Das Leben des Sid Vicious
Die Tödliche Doris, West Germany 1981, 10'
Not long after the death of Sid Vicious from heroine overdose in 1979, Max Müller and Nikolaus Utermöhlen of Die Tödliche Doris (Deadly Doris) re-staged the life of the infamous bassist of the Sex Pistols. For the lead role, they chose Oskar, three-year-old son of Dagmar Dimitroff, drummer of Die Tödliche Doris. Babyish Sid with spiky hair waddles down a West Berlin street, wearing a ripped up Swastika T-shirt, before he eventually stabs his girl-friend Nancy Spungen on the bed, played by seven-year-old Angie. The insertion of children in such adult context (drugs, sex, punk, and the willful provocation of Nazi symbols) is alternately hilarious and shocking, a true expression of the experimental extravaganza and counterculture at the time.
Persona Non Grata
Christoph Doering, West Germany 1981, 16'
The world at war plays on a TV screen in an empty space. While the light sets over the city, a young man eventually takes the TV and throws it out of the window. This is the moment for him to head out into the dark, ecstatic jungle of the night full of punk music, drugs and wild drives on the city's highway.
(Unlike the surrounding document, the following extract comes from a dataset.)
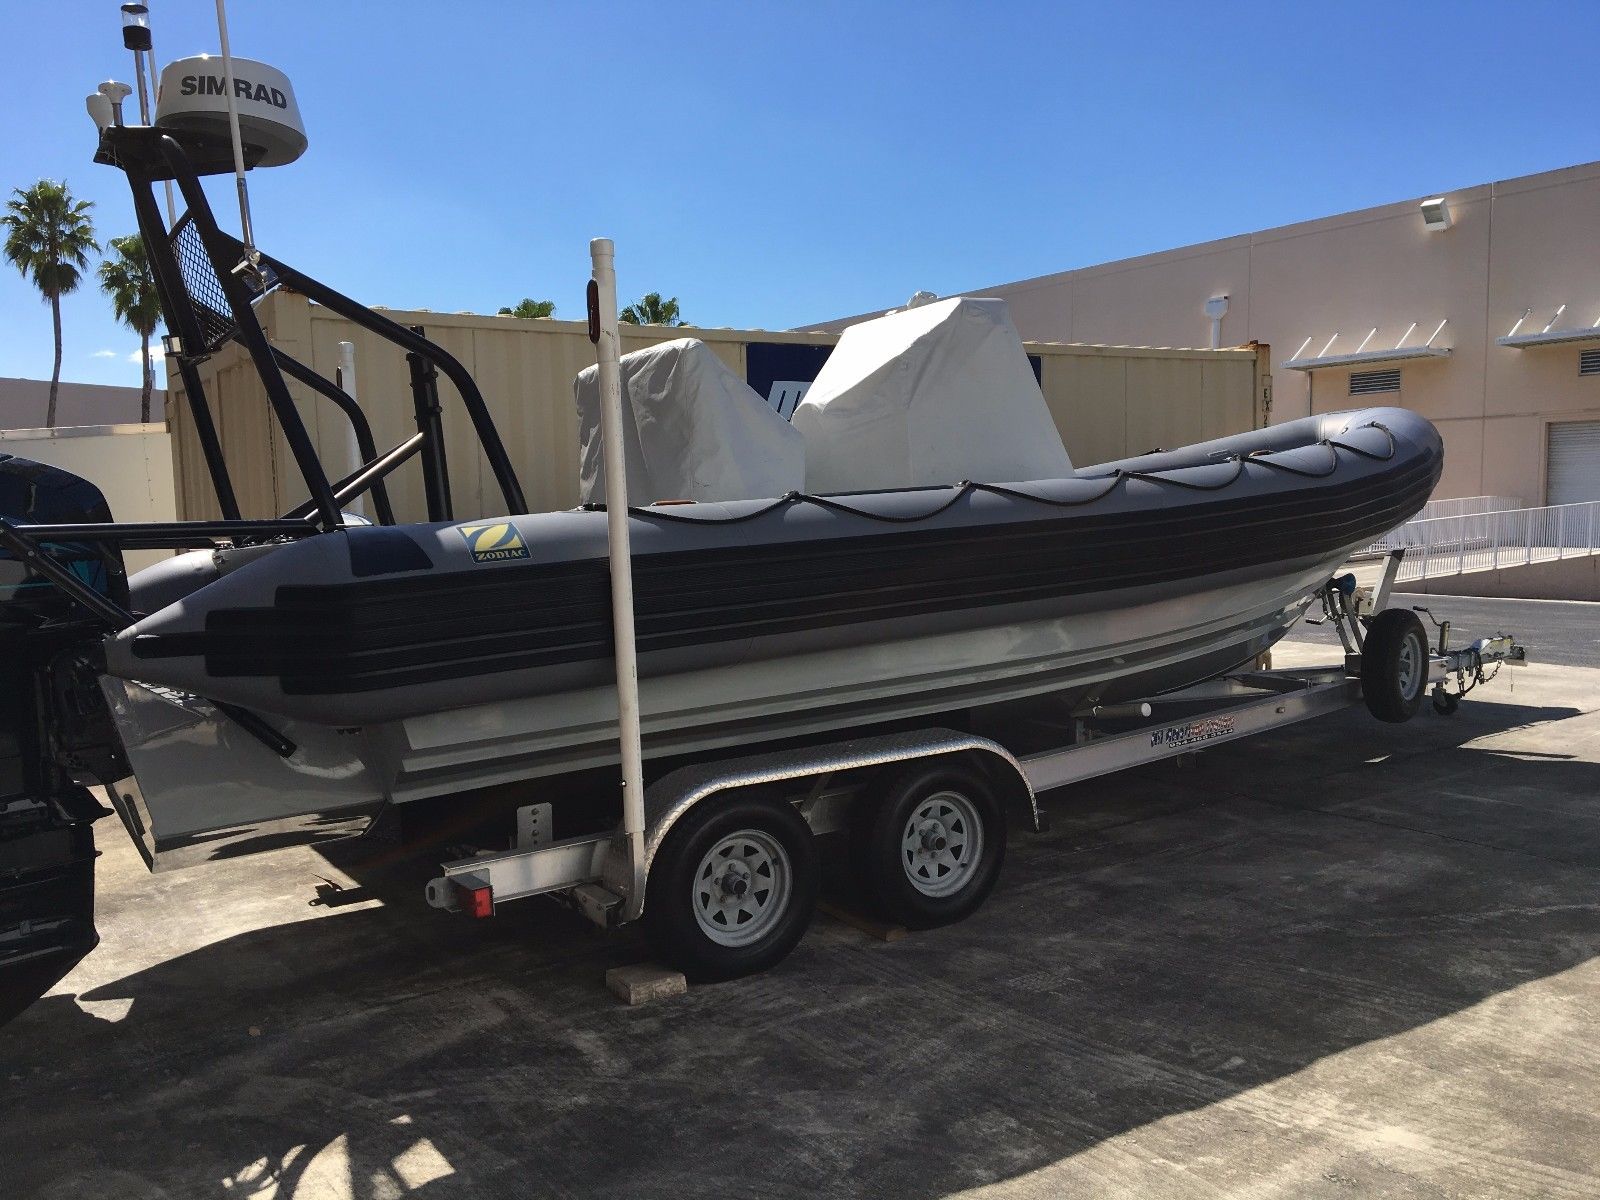 Zodiac Hurricane H733 1994 for sale for $76,900 - Boats-from-USA.com

The films of Christoph Doering, who was a member of the artist group Notorische Reflexe, are key to West Berlin's notorious super-8 scene of the early 1980s.
Geld
Brigitte Bühler & Dieter Hormel, West Germany 1983, 4'
Even before music videos revolutionized the industry and MTV arrived in Germany, Geld (Money) was produced and released as a video clip for the all-female band Malaria!. Bühler and Hormel shot the band members around Gudrun Gut and Bettina Köster in an empty cellar. Streaks of light were projected onto the musician's faces and androgynous bodies, and refilmed on super-8 so that they seem to peek out from behind a layer of torn darkness. This low-tech effect combined with double exposure and cross fading creates a striking visualization of the nebulous lyrics of the song: "there is no clarity / there is no fog / ah, if I weren't hungy / how happy would I be / our belief is our world / our belief is our money."
Naturkatastrophenkonzert
Die Tödliche Doris, West Germany 1983, 3'
On a sand heap in front of the Berlin Wall, Die Tödliche Doris stages their Naturkatastrophenkonzert (Natural Catastrophy Concert), shot on video for West German TV. After the microphone has been set on fire, short musical pieces are played in an overly amateurish fashion. The group around Wolfgang Müller, Käthe Kruse and Nikolaus Utermöhlen existed from 1980–87, and represented one of West Berlin's most idiosyncratic artistic formations that mixed music, art, performance, and film.